Step-by-Step: Configuring Match and Merge in Informatica MDM

Step 1: Create Match Columns

  1. Open Hub Console → Schema → Match Columns.
  2. Select the columns (e.g., Email, FirstName, LastName, Phone).
  3. Define match key types: Exact / Fuzzy / Phonetic.
-- Example: Match Column Setup
Column: EMAIL_ADDRESS
Match Type: Exact
Column: LAST_NAME
Match Type: Fuzzy (Edit Distance: 2)

Step 2: Define Match Rules

  1. Navigate to Match Rule Set in Hub Console.
  2. Create a new Match Rule with logical conditions.

Example Rule:

  • IF (EMAIL = Exact Match) OR (FIRST_NAME + LAST_NAME = Fuzzy Match)
  • THEN consider records as duplicates.
Match Rule Example:
(MatchColumn.EMAIL = Exact) OR (MatchColumn.FIRST_NAME = Fuzzy AND MatchColumn.LAST_NAME = Fuzzy)

Step 3: Configure Merge Settings

  1. Go to Merge Settings.
  2. Choose how records will merge:
    • Auto Merge: System automatically merges based on rules.
    • Manual Merge: Requires Data Steward approval.
  3. Define Trust Levels per source system.
-- Example Trust Settings
CRM: 90
ERP: 80
Excel Import: 50

Result: If the same field is present in CRM and ERP, MDM picks the CRM value (higher trust).

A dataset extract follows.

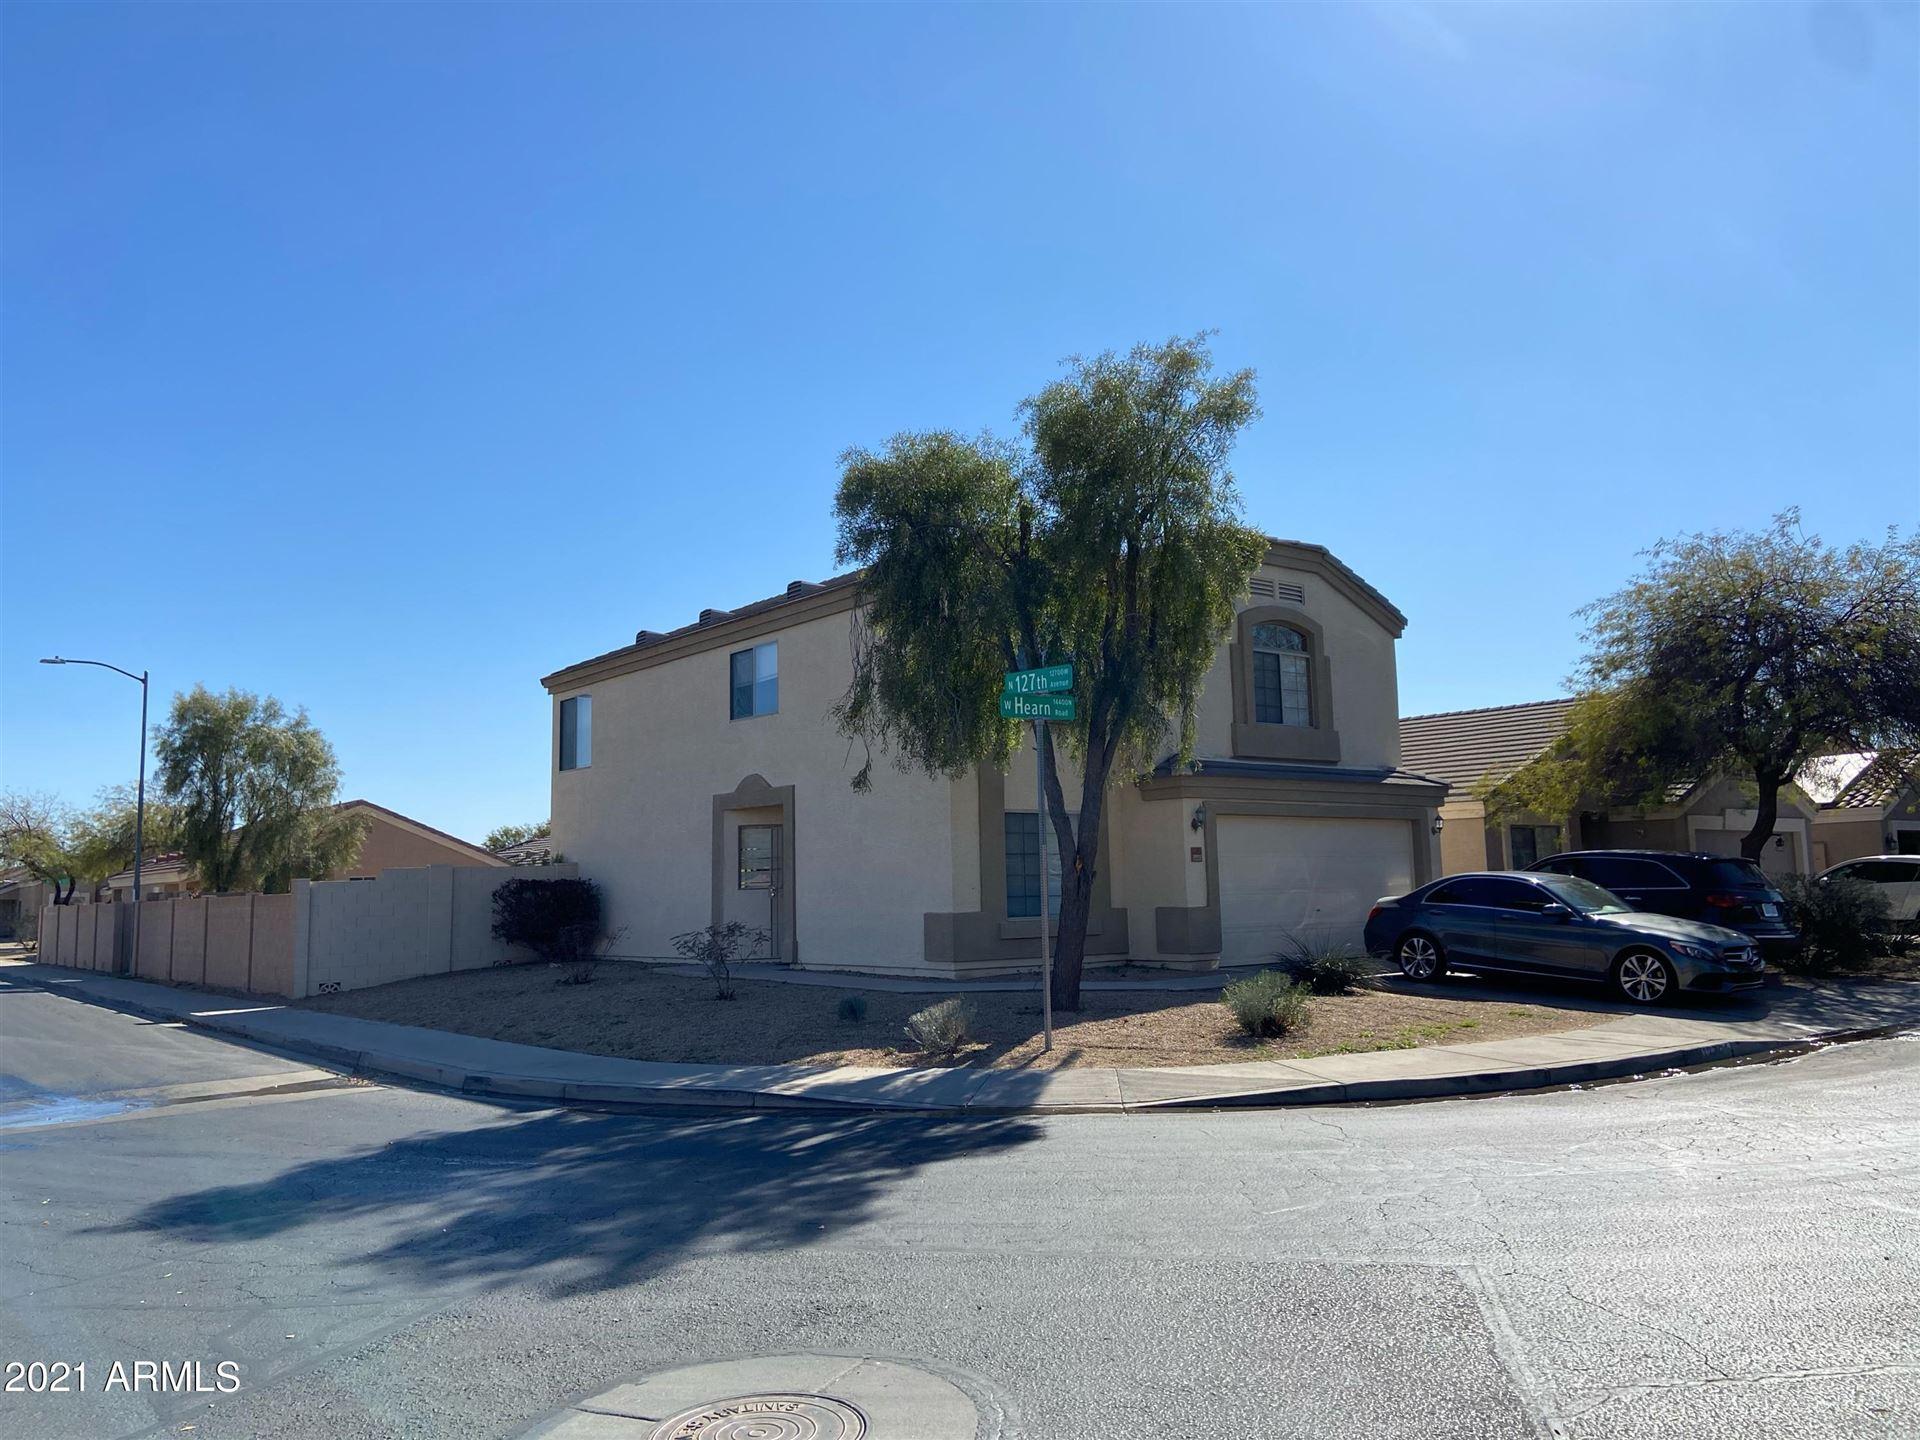 Photo of 12701 W hearn Road, El Mirage, AZ 85335 (MLS # 6198135)

Step 4: Run Match and Merge Job

  • Execute Match Job from Hub Console.
  • Review Matched Sets in the Match Results.
  • Execute Merge Job to create Golden Records.

Example: Customer Data Deduplication

Customer IDNameEmailSource
CUST101John Smithjohn.smith@gmail.comCRM
CUST202J. Smithjohn.smith@gmail.comERP
CUST303Jon Smythjohn.smith@outlook.comExcel

After Match & Merge

  • Golden Record:
    • Name: John Smith (from CRM – highest trust)
    • Email: john.smith@gmail.com
    • Source Systems Linked: CRM, ERP, Excel

Best Practices for Match & Merge

  • Always profile data quality before configuring match rules.
  • Use standardization (via IDQ) for names, addresses, phone numbers.
  • Start with conservative rules, expand gradually to avoid false merges.
  • Monitor match scores and thresholds to fine-tune accuracy.
  • Keep audit logs for merge history (important for compliance).

Common Issues Developers Face

  • Over-merging: Too loose match rules causing unrelated records to merge.
  • Under-merging: Too strict rules leaving duplicates unmerged.
  • Performance Lag: Poor indexing or complex fuzzy logic slows jobs.
  • Trust Conflicts: Wrong survivorship when trust levels are misconfigured.

FAQs

Q1. What happens if two records match but trust scores are equal?
Informatica applies survivorship tie-breakers (e.g., most recent update, highest source priority).

Q2. Can we undo a merge in Informatica MDM?
Yes, Data Stewards can unmerge records if needed, restoring original records.

Q3. What is a typical threshold for fuzzy matches?
Usually between 0.7–0.9, depending on data sensitivity.

Q4. How do I test match rules before applying to full dataset?
Use Sample Match option in Hub Console with small test datasets.

Q5. Is Match & Merge different in Customer 360 vs Product 360?
The underlying process is the same, but attributes and survivorship logic differ based on domain.